The first update of the ESC guidelines for pulmonary embolism, including formal recommendations, was published in 2008 [2], replacing a more narrative earlier version [3]. The most important novelty of the update was the revised diagnostic algorithm for patients with suspected pulmonary embolism, in which CTPA replaced VQ scintigraphy (and invasive pulmonary angiography) as the new central imaging test and diagnostic “gold standard” [2]. The evidence for the shift to CTPA had been delivered a few years before by the results of major accuracy and management trials [4, 5]. The 2008 guidelines did acknowledge that the validity of the (planar) lung scan had been evaluated in several prospective clinical outcome studies, showing low event rates and suggesting that it is safe to withhold anticoagulant therapy in patients with a normal perfusion scan [2]. This fact had also been confirmed in a randomised trial comparing VQ scan with CTPA [6]. In parallel, it was mentioned [2] that the evolving SPECT technique promised to overcome the problem of frequent non-diagnostic intermediate probability planar scans [7, 8]. However, in the second update of the guidelines 6 years later [9], and although VQ scan continued to be explicitly mentioned as a valid diagnostic test for pulmonary embolism, no compelling new evidence was cited to question the central position of CTPA, which had meanwhile conquered the vast majority of hospitals in Europe and beyond. Specifically for VQ SPECT, with or without low-dose computed tomography, the conclusion of the guidelines was that large-scale prospective studies were needed to validate these new approaches [9]. Now, in the most recent 2019 update to which Hansen and co-workers refer, the wording and overall evaluation of VQ scintigraphy, including SPECT, remained largely unchanged [1].
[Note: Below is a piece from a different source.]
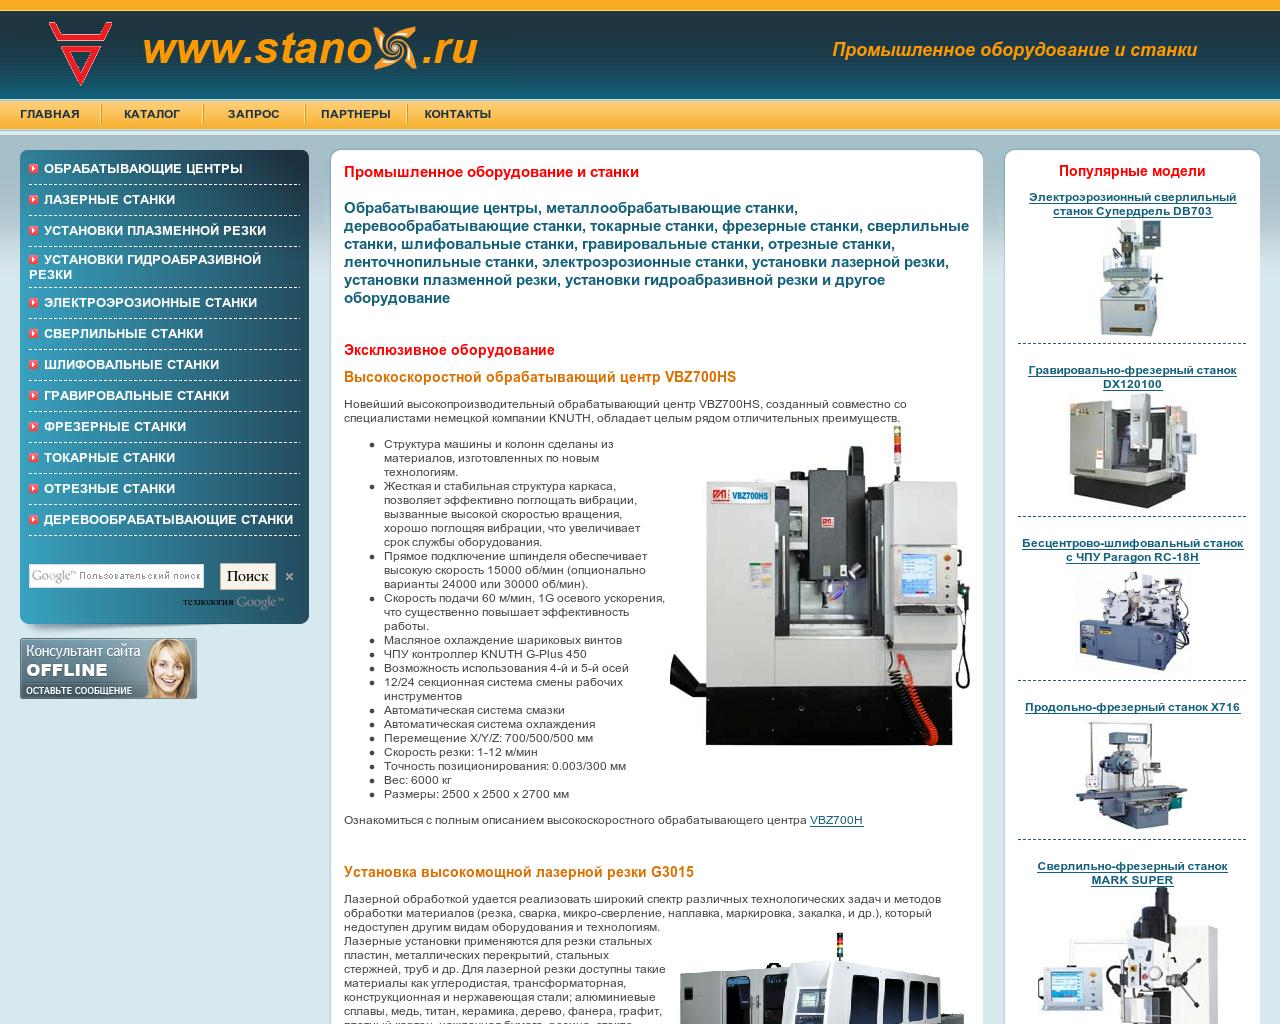 Изображение сайта stanox.ru в разрешении 1280x1024

Does this “stagnation” mean that the chapter of pulmonary embolism diagnosis should finally be considered closed? I agree with the authors that the answer is by no means so simple. Being experts in nuclear medicine, S.L. Hansen and colleagues eloquently defend the consistency of the diagnostic criteria for pulmonary embolism in VQ SPECT. One should also fairly admit that “large-scale” prospective trials required to provide high-level evidence in favour of VQ SPECT are hardly realistic in the era of CTPA dominance. In addition, if VQ SPECT is considered to be the technical evolution of planar VQ scan, its clinical evaluation may not need to be as extensive as would be required for a diagnostic method based on a totally new principle. The authors further emphasise the advantages of the technique, the strongest of which is the low dose of absorbed radiation compared to CTPA. In fact, their suggestion to consider VQ SPECT in the diagnostic work-up of young women is principally in line with the algorithm proposed by the 2019 ESC/ERS guidelines for suspected pulmonary embolism in pregnancy, in which (perfusion) scintigraphy assumes a clearly visible position as an alternative to CTPA [1]. S.L. Hansen and colleagues go further by proposing to extend these recommendations to VQ SPECT and broaden the target population to non-pregnant young women.
Overall, there is no fundamental disagreement between the arguments of Hansen and co-workers and the recommendations of the 2019 ESC/ERS guidelines. Except, perhaps for these few words in the concluding paragraph: “first-choice imaging modality”. To issue a broad recommendation in favour of VQ SPECT and against the current gold standard CTPA, the guidelines must, even if this is only for a specific clinical setting, ensure that two conditions are met, assuming that the two methods are otherwise equivalent: 1) the alternative is broadly available, as is the standard; and 2) the alternative is always and rapidly available, as is (in most cases) the standard, so that diagnosis or exclusion of pulmonary embolism will be equally fast. Unfortunately, however, we have to admit that, in the majority of European hospitals, these conditions are not met for VQ SPECT. Pulmonary embolism is an acute, potentially life-threatening situation, and nothing can be more dangerous for patients, including young women, than delaying its confirmation or exclusion by several hours or even days until the test can be performed. Transferring the patient to another facility that can perform VQ SPECT is also not an acceptable option. Consequently, it is unlikely that the CTPA-based “main” algorithm will change in the near future. On the other hand, and as the authors point out, VQ scintigraphy may certainly become (or continue to be) the first-line diagnostic method in institutions that can ensure its uninterrupted availability and the expertise in its interpretation.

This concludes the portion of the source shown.